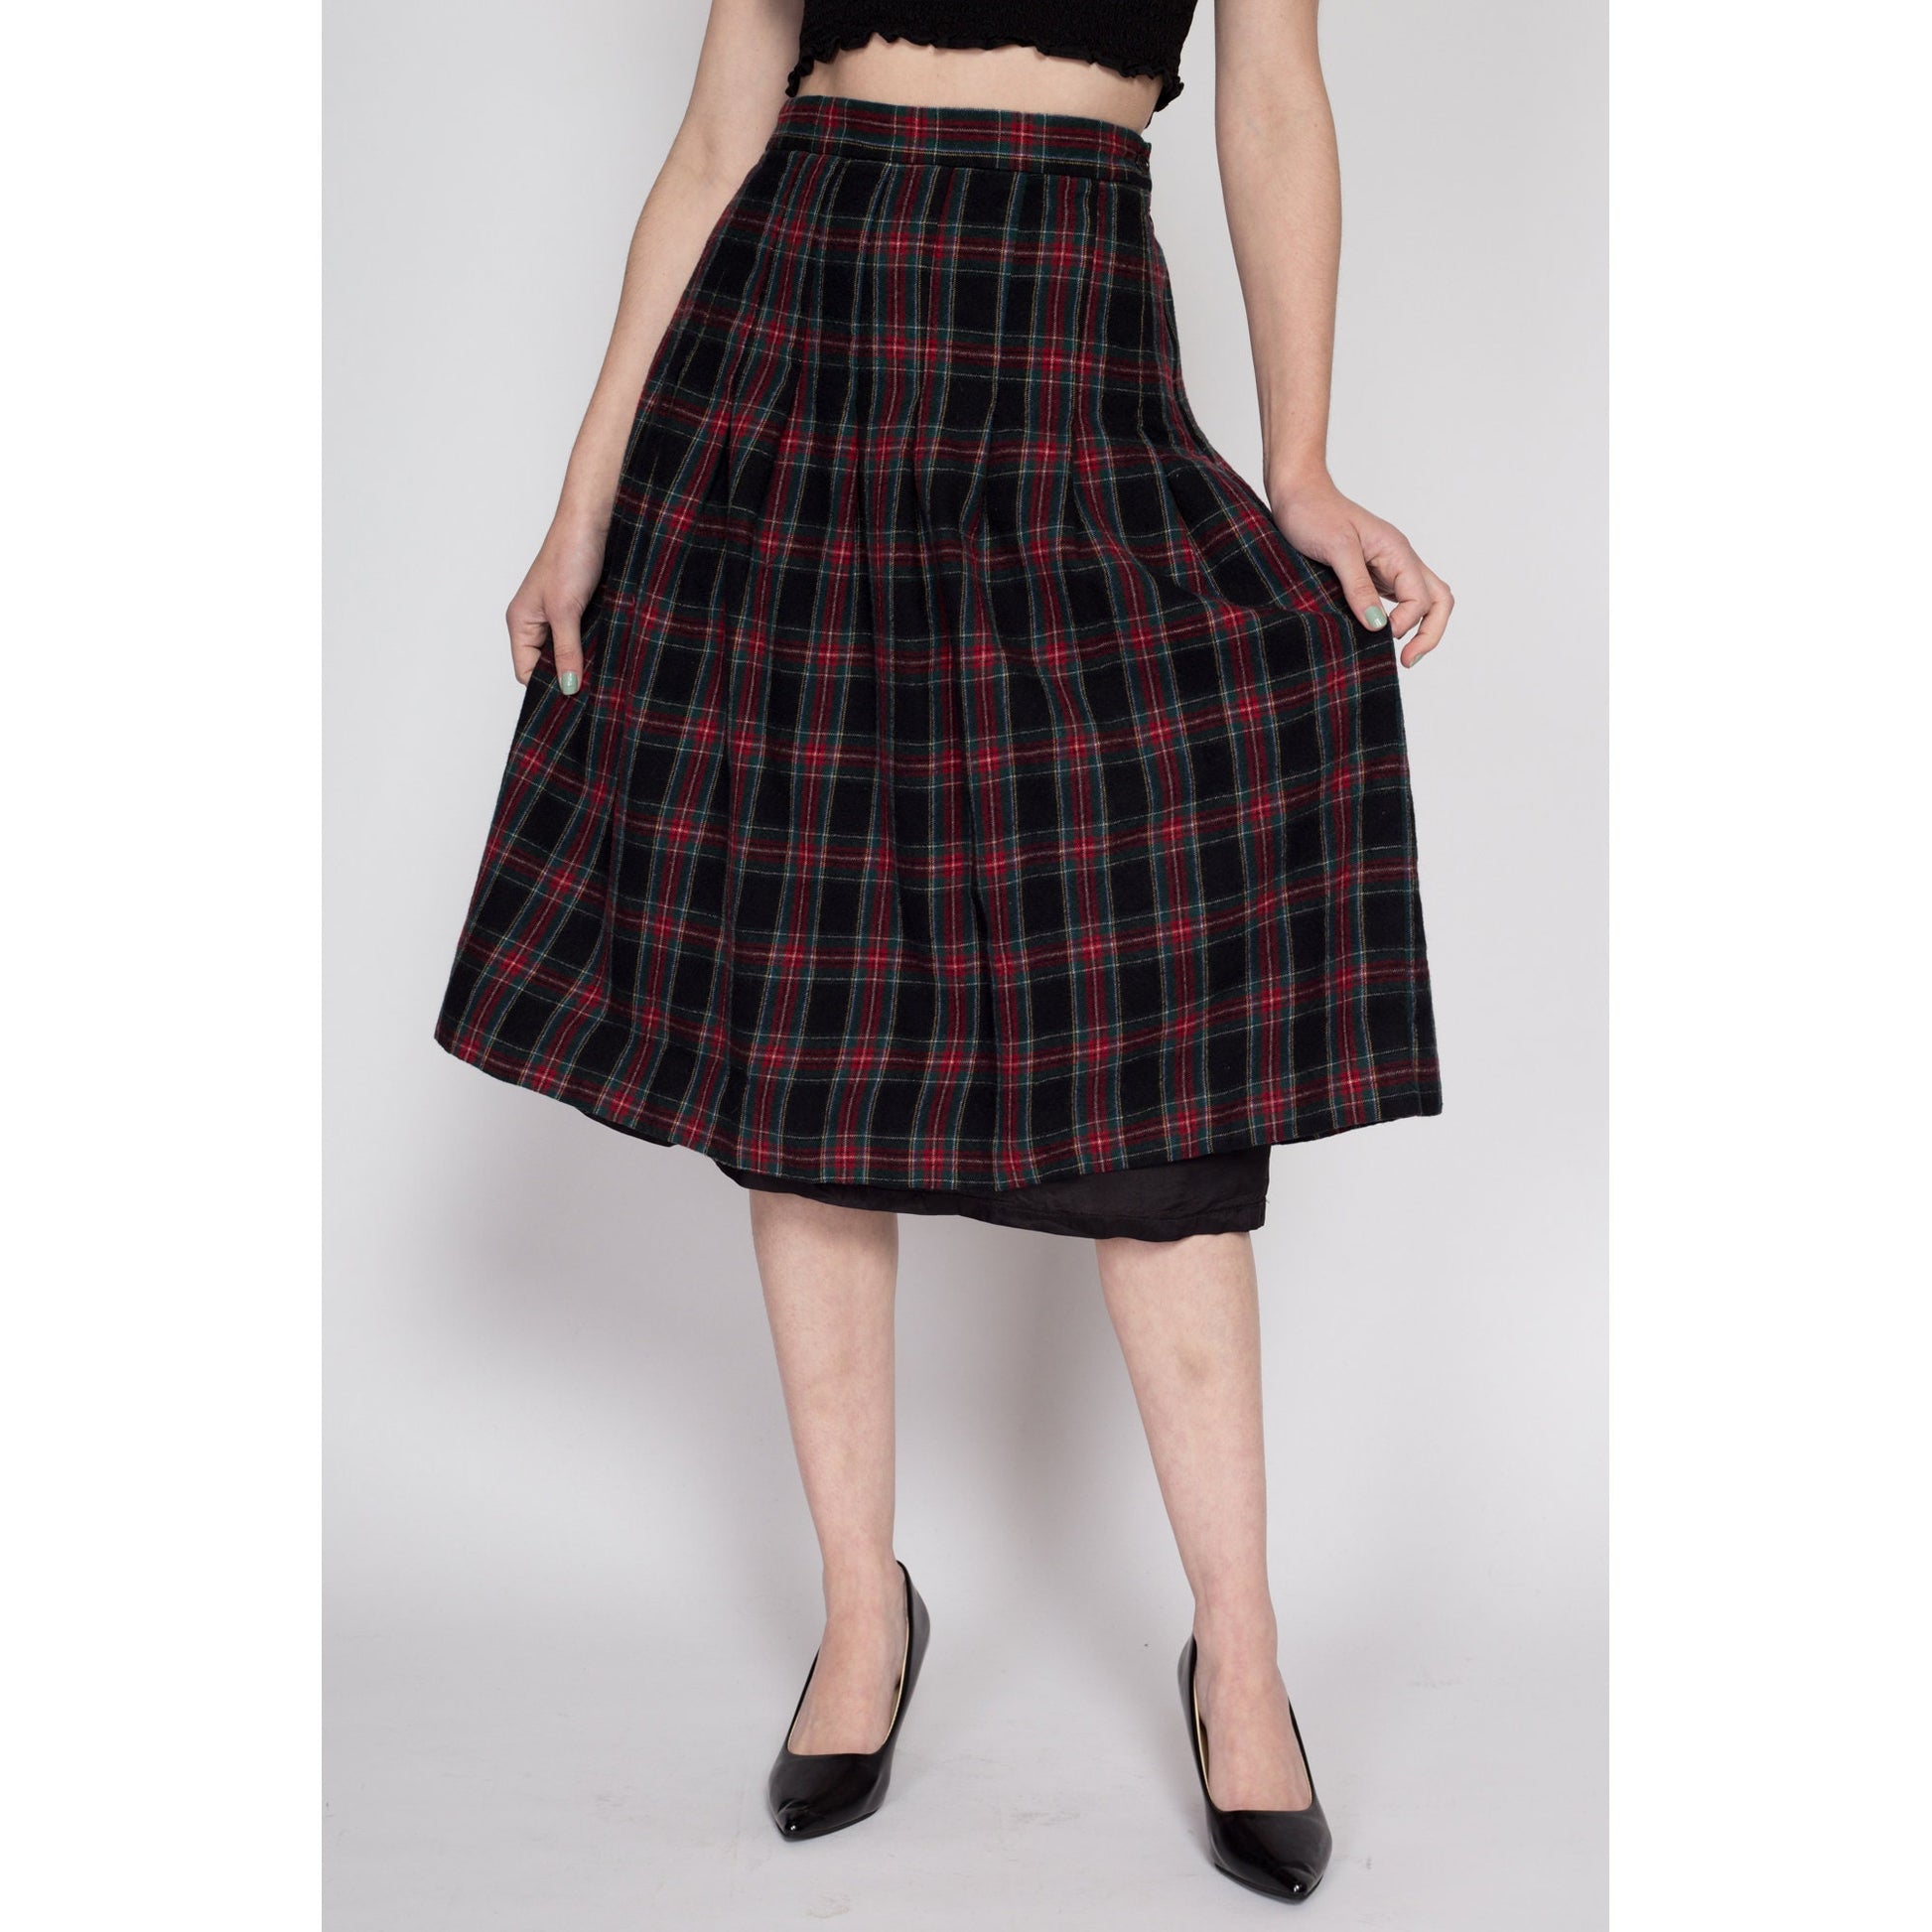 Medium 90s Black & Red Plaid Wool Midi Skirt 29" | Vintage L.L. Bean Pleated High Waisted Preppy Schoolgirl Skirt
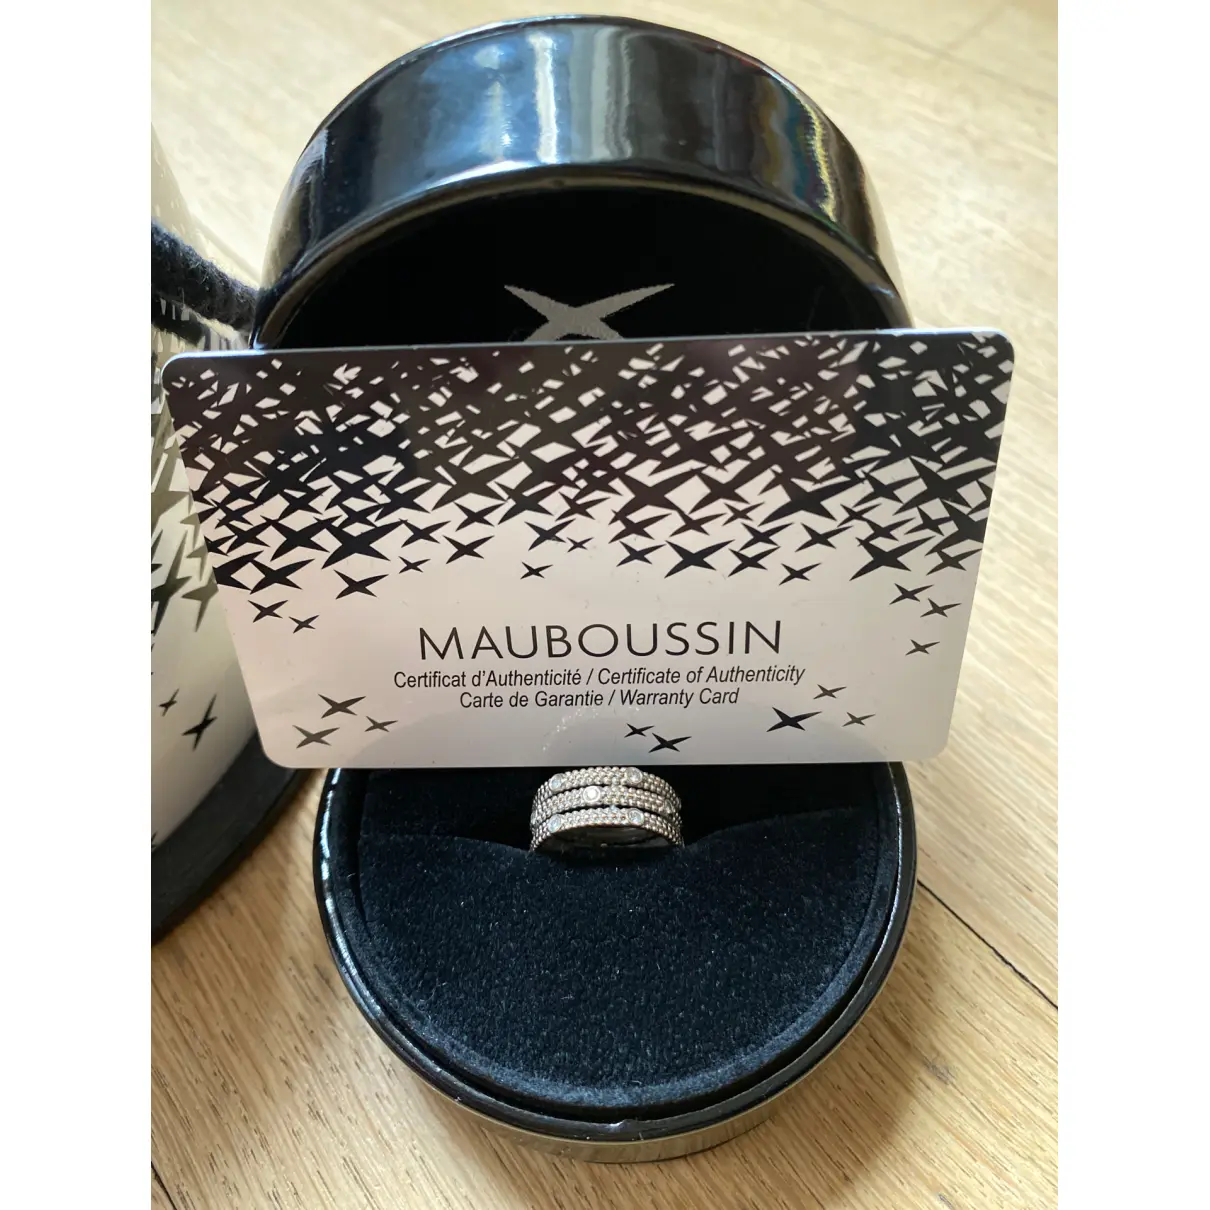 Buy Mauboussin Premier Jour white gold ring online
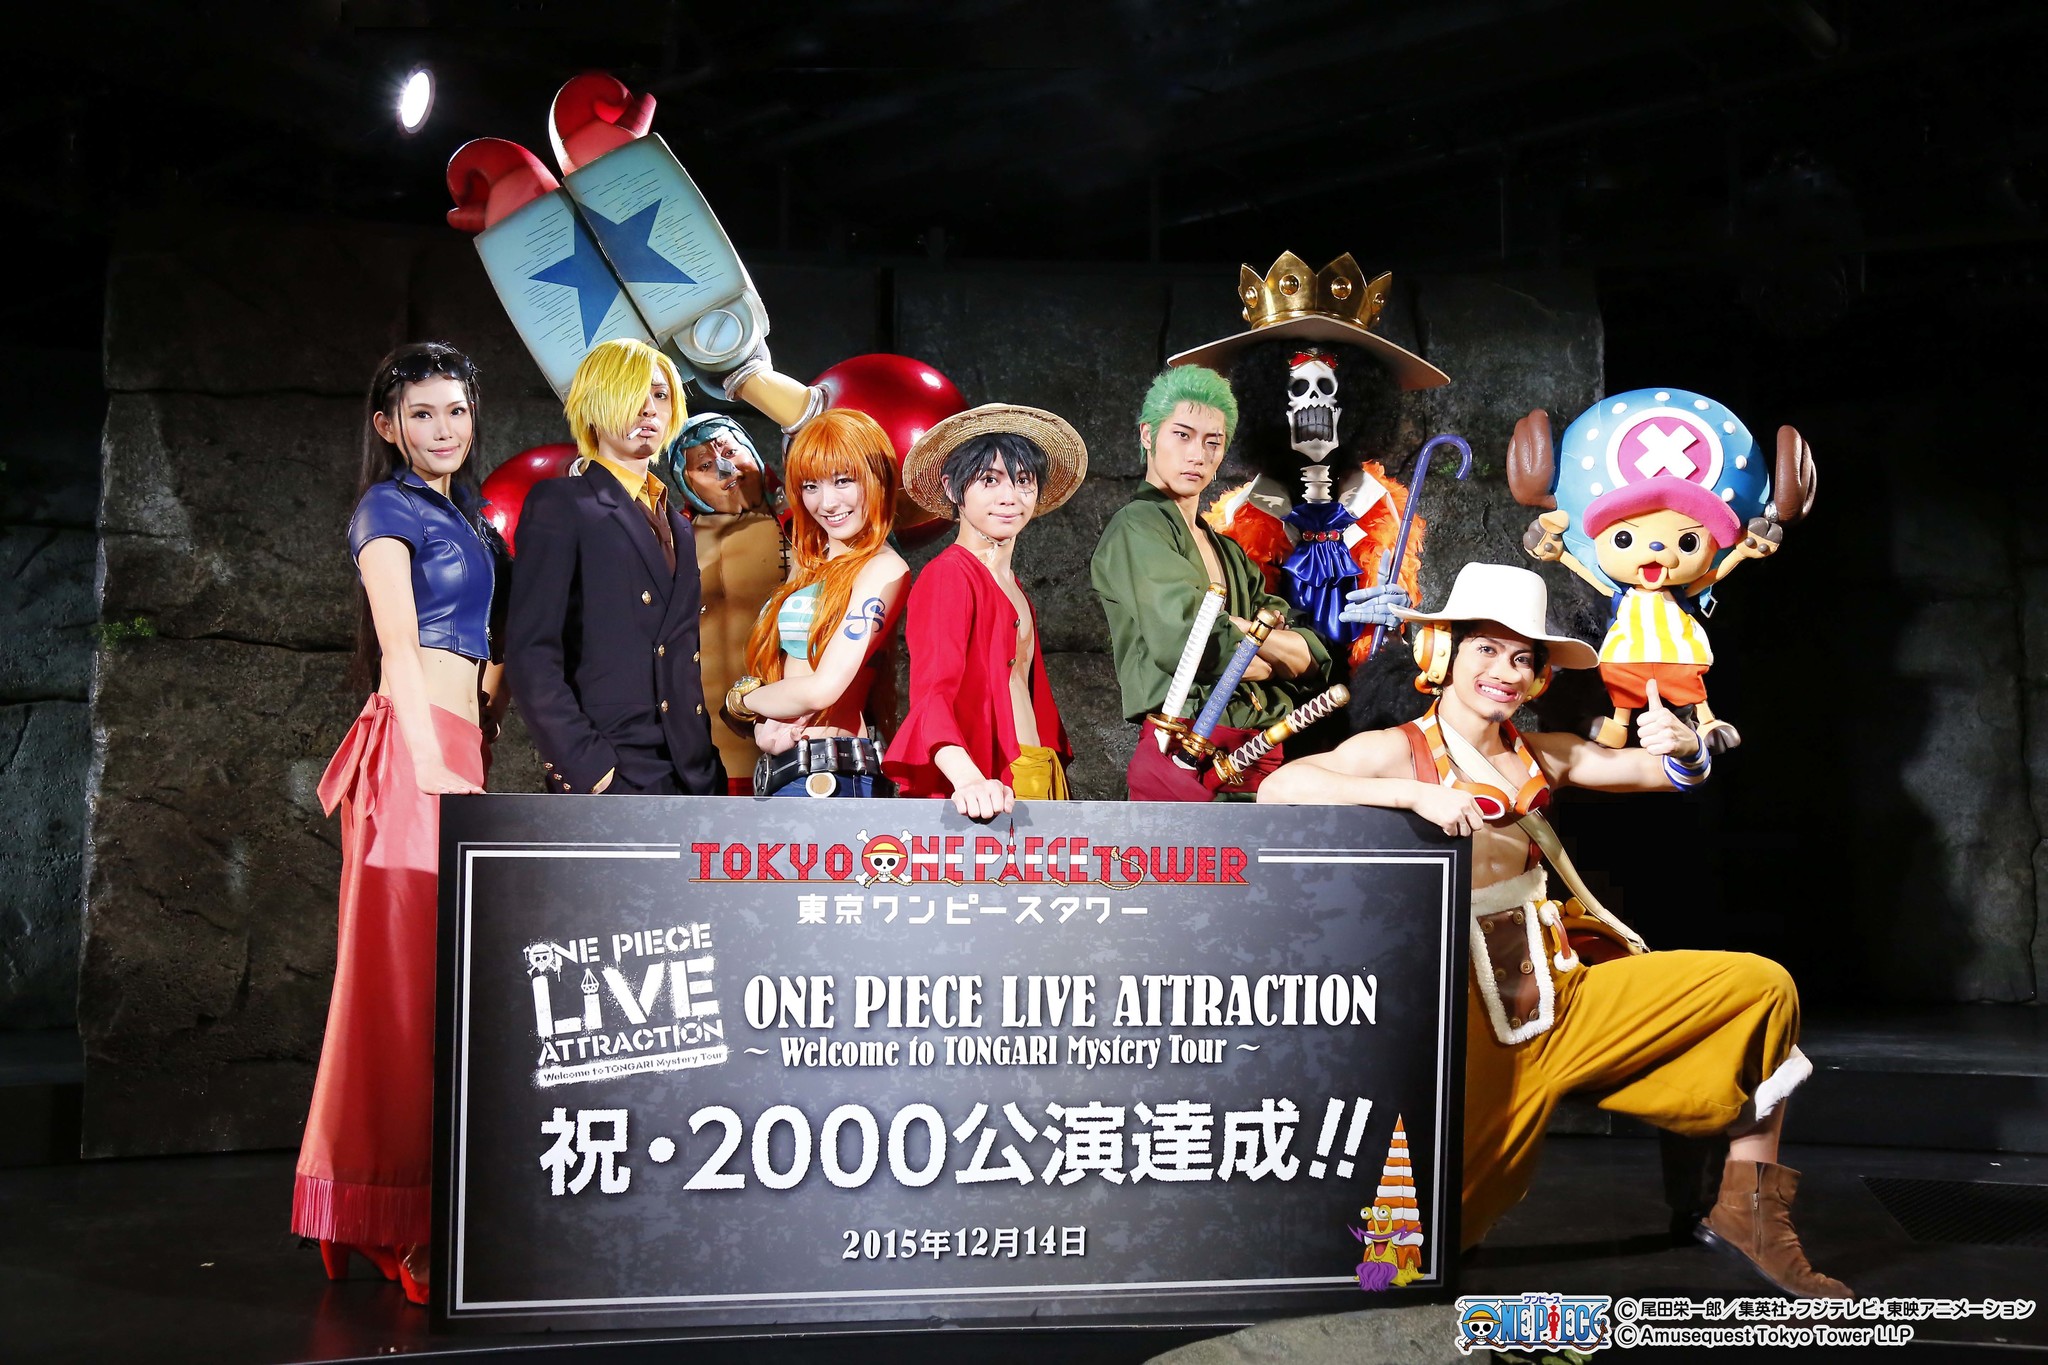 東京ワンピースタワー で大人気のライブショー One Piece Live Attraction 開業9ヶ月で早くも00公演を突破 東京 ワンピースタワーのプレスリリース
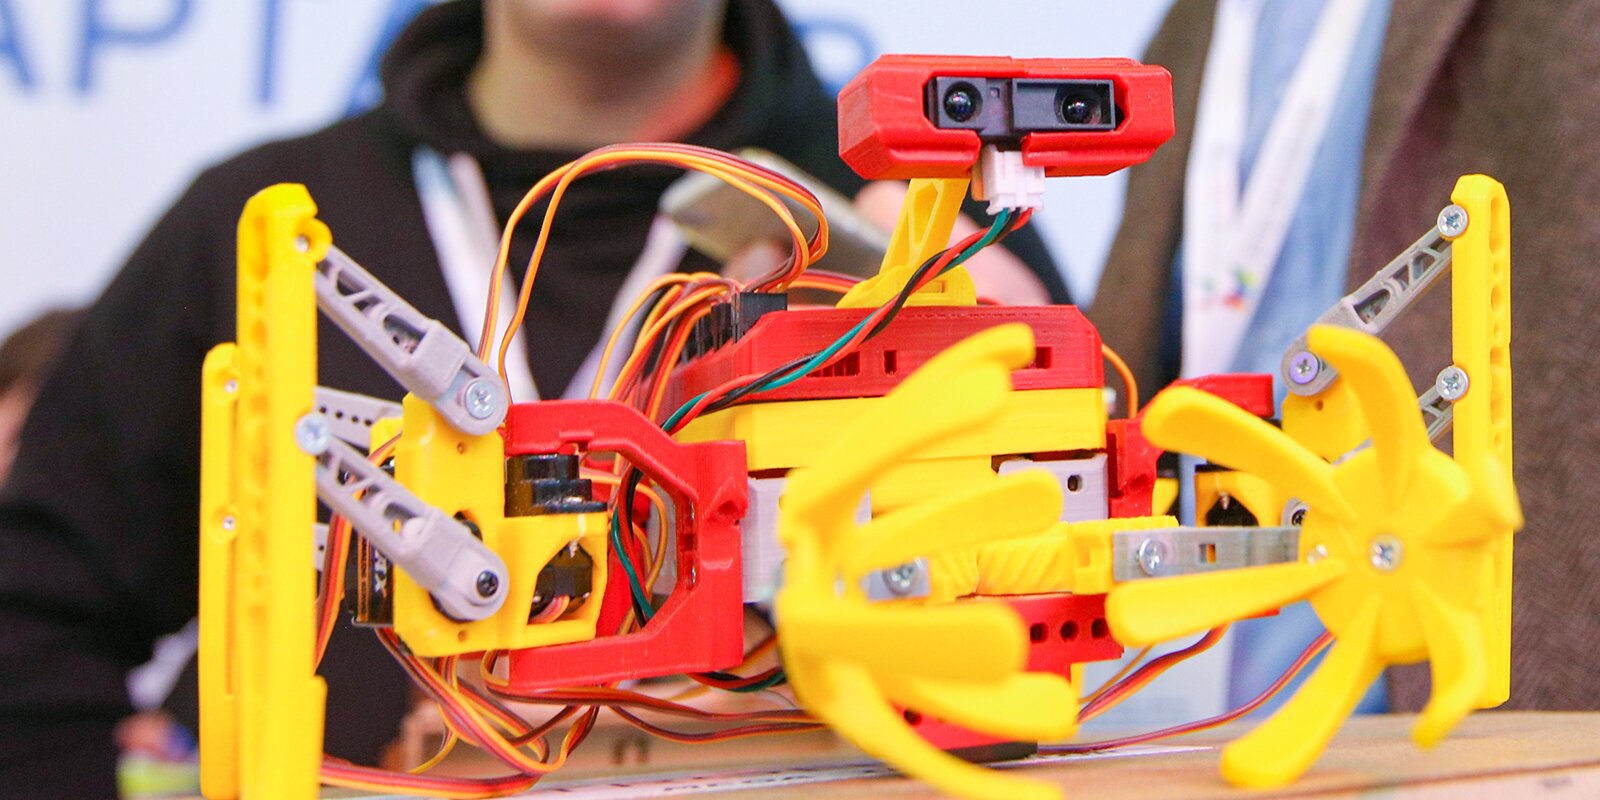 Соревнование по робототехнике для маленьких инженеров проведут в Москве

======

**Assigned task**. Where the material contains pictures, leave them out and copy the rest verbatim.

**Written answer**.
 Medium 90s Black & Red Plaid Wool Midi Skirt 29" | Vintage L.L. Bean Pleated High Waisted Preppy Schoolgirl Skirt
 Buy Mauboussin Premier Jour white gold ring online
 東京ワンピースタワー で大人気のライブショー One Piece Live Attraction 開業9ヶ月で早くも00公演を突破 東京 ワンピースタワーのプレスリリース
 Соревнование по робототехнике для маленьких инженеров проведут в Москве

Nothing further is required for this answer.